Neo4j数据库与图数据挖掘算法结合
一. 环境准备
-
neo4j python包:
pip3 install neo4j
和pip3 install py2neo
(这里的py2neo 是python对Neo4j的驱动库,同时这里必须是py2neo版本必须是最新版4,不然会报连接数据库的错误,老版本不兼容的问题) -
Java8:这里由于neo4j 数据库是依赖于java8的。
-
Neo4j_3.5.14:这里由于neo4j 在中国地区下载慢,并且neo4j3.X版本才支持java8,到4.0版本就是需要java11了。
-
Neo4j_Desktop:neo4j的桌面端(可以远程数据库和连接本地数据库,同时包含很多额外的扩展)
二. 连接本地图数据库
py2neo V4 官方文档:https://py2neo.org/v4/index.html
Neo4j 一共有3种连接方式:
- Bolt:bolt://localhost:11005
- HTTP:http://localhost:11006
- HTTPS:https://localhost:11007
这里可以通过Neo4j Desktop来查看新建的图数据库(同时设置密码)
2.1 Neo4j数据库语法Cypher
- 创建
create (:Movie {title:"ABC",released:2016}) return p;
- 查询
match (p: Person) return p; 查询Person类型的所有数据
match (p: Person {name:"sun"}) return p; 查询名字等于sun的人
match( p1: Person {name:"sun"} )-[rel:friend]->(p2) return p2.name , p2.age 查询sun的朋友的名字和年龄
match (old) ... create (new) create (old)-[rel:dr]->(new) return new 对已经存在的节点和新建的节点建立关系
- 更新
MERGE (m:Movie { title:"Cloud Atlas" }) ON CREATE SET m.released = 2012 RETURN m
- 筛选过滤
match (p1: Person)-[r:friend]->(p2: Person) where p1.name=~"K.+" or p2.age=24 or "neo" in r.rels return p1,r,p2
- 聚合函数(支持count,sum,avg,min,max)
MATCH (actor:Person)-[:ACTED_IN]->(movie:Movie)<-[:DIRECTED]-(director:Person) RETURN actor,director,count(*) AS collaborations
- 排序和分页
MATCH (a:Person)-[:ACTED_IN]->(m:Movie)
RETURN a,count(*) AS appearances
ORDER BY appearances DESC SKIP 3 LIMIT 10;
2.2 图数据库的基本操作py
- 这里是通过导入py2neo这个neo4j的第三方库来连接
from py2neo import Graph,Node
graph = Graph(
"http://localhost:11006",
username="neo4j",
password="yy"
)
- 清空数据库
graph.delete_all()
- 定义节点关系
a = Node('Person', name='Alice')
b = Node('Person', name='Bob')
r = Relationship(a, 'KNOWNS', b)
s = a | b | r
graph.create(s)
- Node查询
# 用CQL进行查询,返回的结果是list
data1 = graph.data('MATCH(p:PersonTest) return p')

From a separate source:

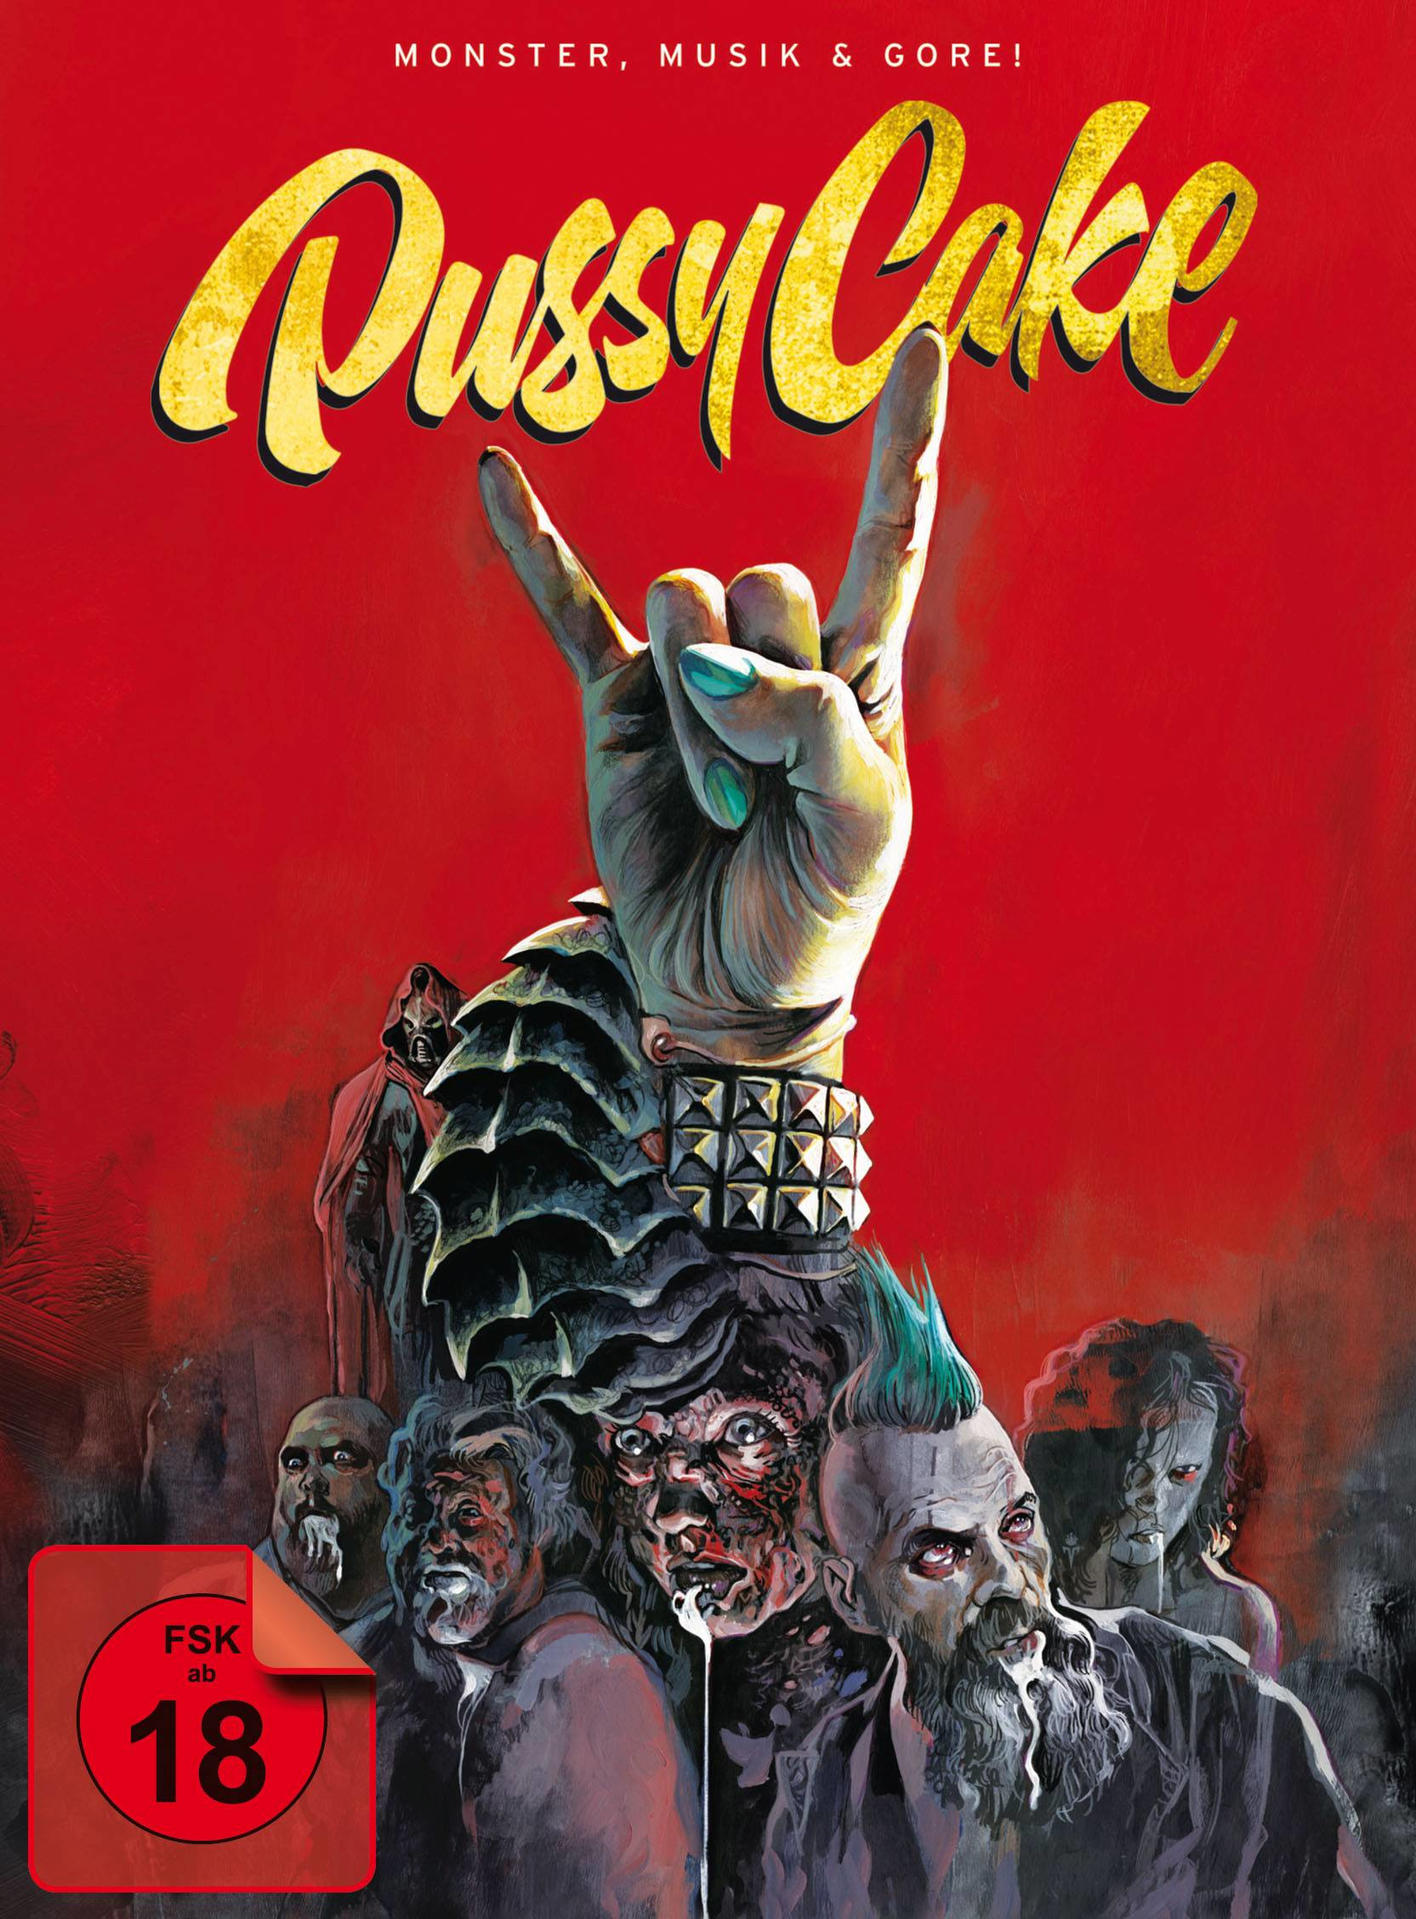 Pussycake-Monster,Musik und Gore! DVD Blu-ray

print("data1 = ", data1, type(data1))
# 用find_one()方法进行node查找,返回的是查找node的第一个node
data2 = graph.find_one(label='PersonTest', property_key='name', property_value="李四")
print ("data2 = ", data2, type(data2))
# 用find()方法进行node查找,需要遍历输出,类似于mongodb
data3 = graph.find(label='PersonTest')
for data in data3:
print ("data3 = ", data)
- 关系查询
relationship = graph.match_one(rel_type='KNOWNS')
print (relationship, type(relationship))
- 更新push
node1 = graph.find_one(label='PersonTest', property_key='name', property_value="张三")
node1['age'] = 21
graph.push(node1)
data4 = graph.find(label='PersonTest')
for data in data4:
print ("data4 = ", data)
#基于上面的操作,再次定义node1[‘age’] = 99,并执行graph.push(node1),发现已经更新
node1['age'] = 99
graph.push(node1)
data5 = graph.find(label='PersonTest')
for data in data5:
print ("data5 = ", data)
- 删除Node和Relationship
node = graph.find_one(label='PersonTest', property_key='name', property_value="李四")
relationship = graph.match_one(rel_type='KNOWNS')
graph.delete(relationship)
graph.delete(node)
data6 = graph.find(label='PersonTest')
for data in data6:
print ("data6 = ", data)
- 多条件查询
a = Node('PersonTest', name='张三', age=21, location='广州')
b = Node('PersonTest', name='李四', age=22, location='上海')
c = Node('PersonTest', name='王五', age=21, location='北京')
r1 = Relationship(a, 'KNOWS', b)
r2 = Relationship(b, 'KNOWS', c)
s = a | b | c | r1 | r2
graph.create(s)
data7 = graph.find(label='PersonTest')
for data in data7:
print ("data7 = ", data)
- 单条件查询
# 单条件查询,返回的是多个结果
selector = NodeSelector(graph)
persons = selector.select('PersonTest', age=21)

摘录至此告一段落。